Я видел, как он морщился при каждом щелчке цепей, затягиваемых у него на талии.

Должно быть, у меня был очень растерянный вид. Генри то и дело повторял:

– Не волнуйся, Брайан, не волнуйся. Приезжай еще, ладно?

Когда охранник подтолкнул его к двери, Генри обернулся, чтобы еще раз посмотреть на меня.

– Мне, право, очень жаль, – забормотал я. – Мне очень жа…

– Пусть это тебя не волнует, Брайан, – перебил он меня. – Просто приезжай еще.

Я смотрел на него и силился сказать что-нибудь, соответствующее случаю, что-то утешительное, что-то такое, что выразило бы мою благодарность за то, как он терпелив со мной. Но в голову ничего не шло. Генри смотрел на меня и улыбался. Охранник грубо толкал его к двери. Мне не понравилось такое обращение с заключенным, но он продолжал улыбаться – а потом, прямо перед тем как охранник уже почти вытолкал его из комнаты, твердо уперся в пол ногами. Он казался спокойным и безмятежным. А потом сделал нечто совершенно неожиданное. Я видел, как он прикрыл глаза и чуть склонил голову набок. Я не понимал, что он делает, пока он не открыл рот… и тогда я понял. Он запел. У него оказался великолепный баритон, сильный и чистый. Это ошеломило и меня, и охранника, который даже перестал его толкать.

Я каждый день стремлюсь вперед,

Все новых жаждая высот.

Молю, Господь, стопы мои

Поставь на высоту земли.

Это старый гимн, его постоянно пели в церкви, в которую я ходил в детстве. Я не слышал его уже много лет. Генри пел медленно, с огромной искренностью и убежденностью. Охранник настолько оторопел, что не сразу опомнился, но потом стал с новой силой выталкивать его за дверь. Поскольку щиколотки Генри были скованы, а руки удерживались наручниками за спиной, он едва не упал, запнувшись о порог, когда охранник выпихнул его из комнаты. Он шатался, едва держа равновесие, но петь не переставал. Я слышал его голос, удалявшийся по коридору:

Тянусь всей верой, всей душой

К небесной тверди от земной.

Господь, услышь мою мечту

И вознеси на высоту.

Я так и остался сидеть, пораженный до глубины души. Голос Генри был наполнен страстным стремлением. Его песня казалась мне драгоценным даром. Я пришел в тюрьму, измученный тревогой и страхом, не зная, будет ли он готов терпеть мою профессиональную неполноценность. Я не рассчитывал на сострадание или великодушие. У меня не было никакого права чего-то ждать от осужденного, приговоренного к смертной казни. Однако он одарил меня потрясающей долей своей человечности. В этот момент Генри изменил что-то в моем понимании человеческого потенциала, искупления и способности надеяться.

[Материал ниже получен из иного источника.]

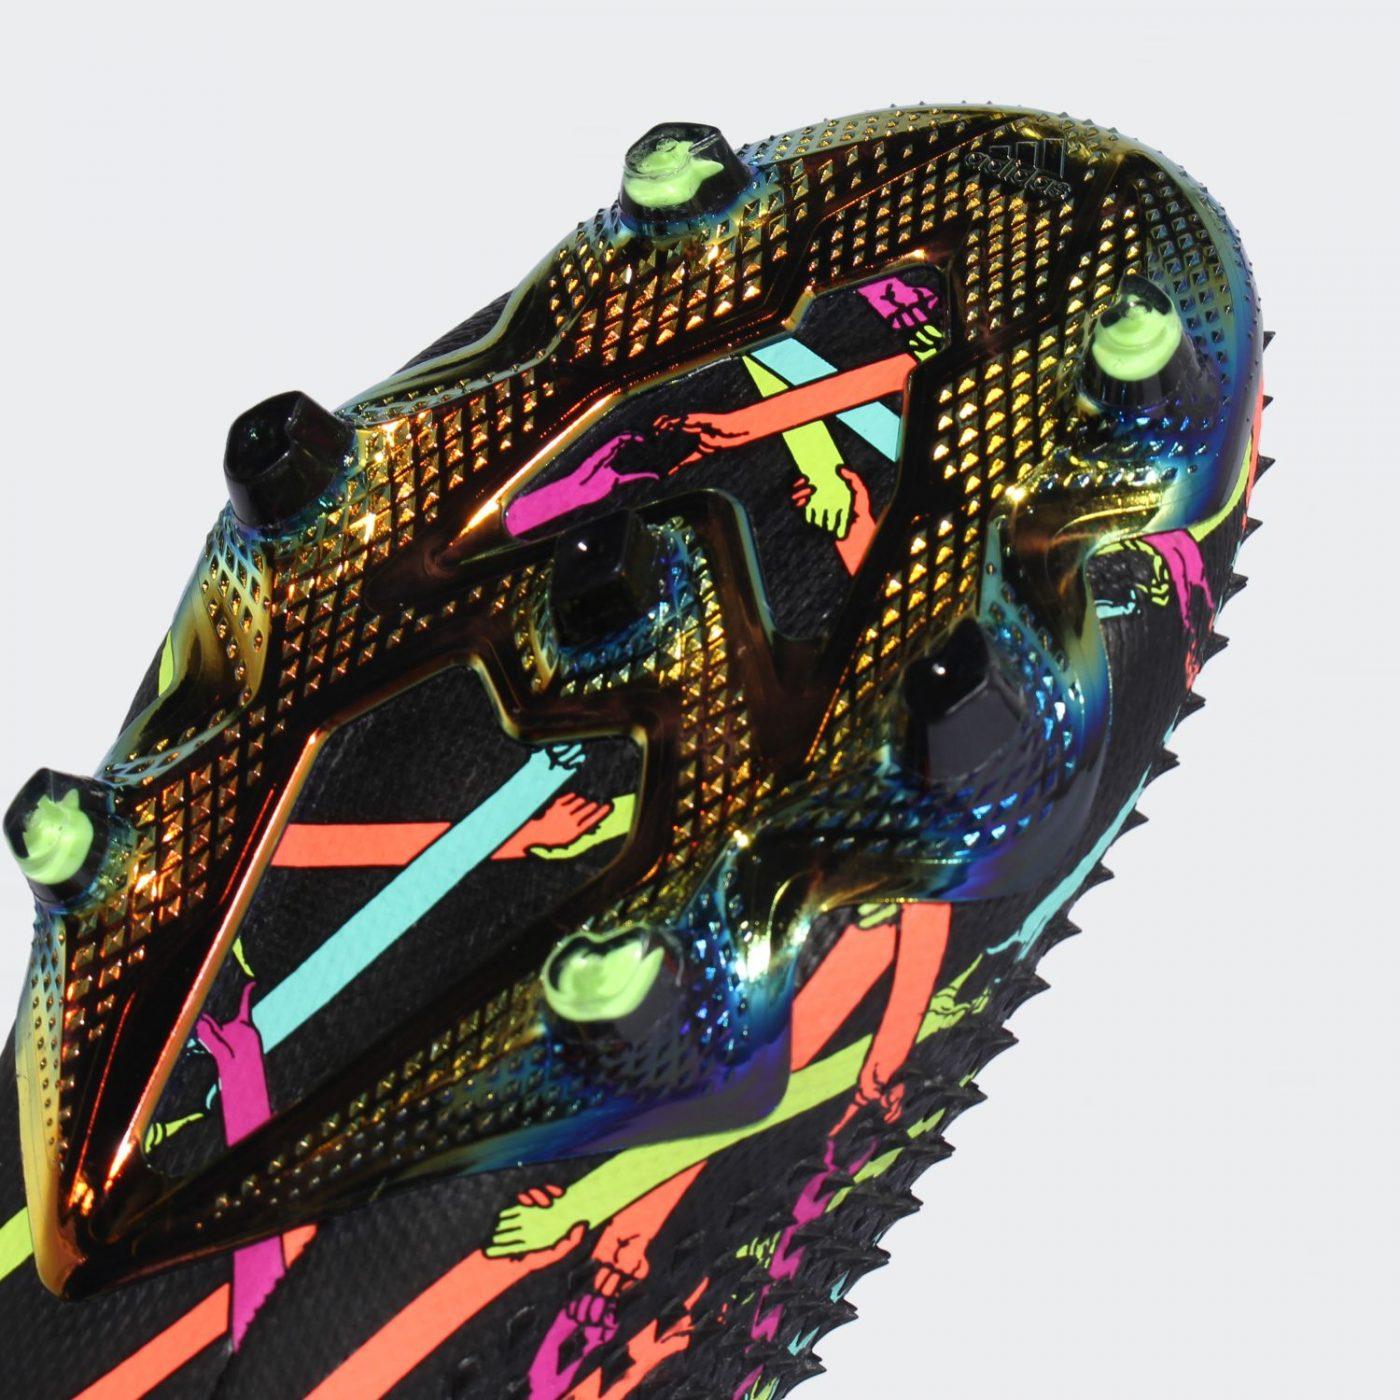 adidas-predator-20-mutator-art-firm-japon-6

У меня не было никакого права чего-то ждать от осужденного, приговоренного к смертной казни. Однако он одарил меня потрясающей долей своей человечности.

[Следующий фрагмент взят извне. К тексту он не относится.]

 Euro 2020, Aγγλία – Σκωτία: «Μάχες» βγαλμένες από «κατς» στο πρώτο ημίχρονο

Свою практику я заканчивал с твердым решением помочь осужденным-смертникам, с которыми познакомился за этот месяц. Непосредственная близость к осужденным и заключенным сделала более настоятельным и значимым вопрос человечности каждого из нас, включая меня самого. Я вернулся в юридическую школу, горя желанием разобраться в законах и доктринах, которые санкционировали смертный приговор и прочие крайне суровые наказания. Я записался на все возможные курсы: конституционного права, ведения судебных споров, процедуры подачи апелляций, федерального судопроизводства и дополнительных средств судебной защиты. Я брал дополнительную работу, чтобы расширить свое понимание того, как конституционная теория формирует уголовное судопроизводство. Я глубоко погрузился в юриспруденцию и социологию вопросов расового неравенства, бедности и власти. Прежде знания, получаемые в юридической школе, казались мне абстрактными и никак не связанными с реальностью, но после встречи с отчаявшимися узниками они стали релевантными и критически важными. Даже моя учеба в Школе Кеннеди обрела новую значимость. Для меня вдруг стало неотложным и важным делом развитие навыков, позволяющих численно измерять и искоренять дискриминацию и неравенство.

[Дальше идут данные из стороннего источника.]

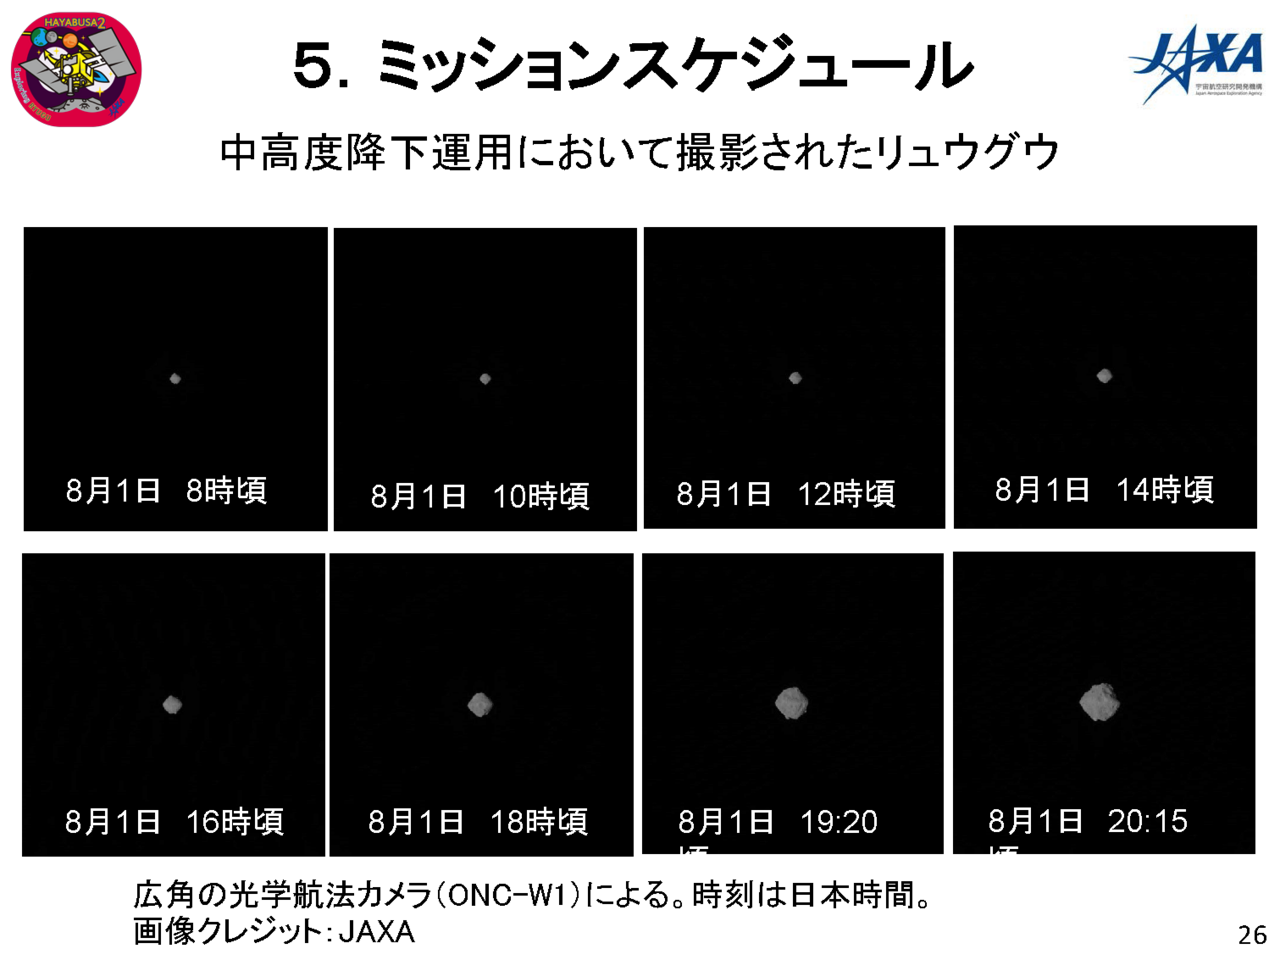 f:id:Imamura:20180802145946p:plain

Недолгое время, проведенное в тюрьме для смертников, показало мне, что в манере обращения с людьми в нашей судебной системе что-то упущено, что мы, возможно, судим некоторых людей несправедливо. Чем больше я размышлял о своем недолгом опыте, тем отчетливее понимал, что всю жизнь меня мучил вопрос о том, каким образом и почему несправедливо судят людей.


Я вырос в бедном, расово сегрегированном поселке на восточном побережье полуострова Делмарва в штате Делавэр, в местах, на которые расовая история США отбрасывает длинную тень. Прибрежные городки, протянувшиеся от Вирджинии и восточного Мэриленда до нижнего Делавэра, были бесцеремонно «южанскими». Многие люди в этом регионе настаивали на расово обоснованной иерархии, которая требовала символов, знаков и постоянного подкрепления – отчасти из-за близости этой территории к американскому Северу. Во всем регионе с гордостью развевались флаги Конфедерации, нагло и вызывающе метя его культурный, социальный и политический ландшафт.

Афроамериканцы жили в гетто, изолированных от «белой» части железнодорожными путями внутри небольших городков, или в «цветных районах» сельской местности. Я вырос в сельском поселении, где некоторые люди жили в крохотных хижинах; семьям, в домах которых не было водопровода, приходилось пользоваться уличными туалетами. Свою площадку для игр во дворе мы делили с курами и свиньями.

Окружавшие меня чернокожие были людьми сильными и решительными, но маргинализованными и исключенными из общества. Каждый день в нашем районе останавливался автобус птицефабрики и увозил взрослых на работу, где они день за днем ощипывали, разделывали и перерабатывали тысячи куриных тушек. Мой отец уехал из этих мест подростком, потому что тогда там не было местной средней школы для чернокожих детей. Он вернулся в родные места уже вместе с моей матерью и нашел работу на фабрике; по выходным подрабатывал разнорабочим в пляжных коттеджах и домах, которые сдавались в аренду. У матери была гражданская должность на базе ВВС. Казалось, мы все в смирительной рубашке расовых различий, которая связывала, пленяла и ограничивала нас.

«Большинство важных вещей невозможно понять на большой дистанции, Брайан. Надо подойти поближе», – то и дело твердила она мне.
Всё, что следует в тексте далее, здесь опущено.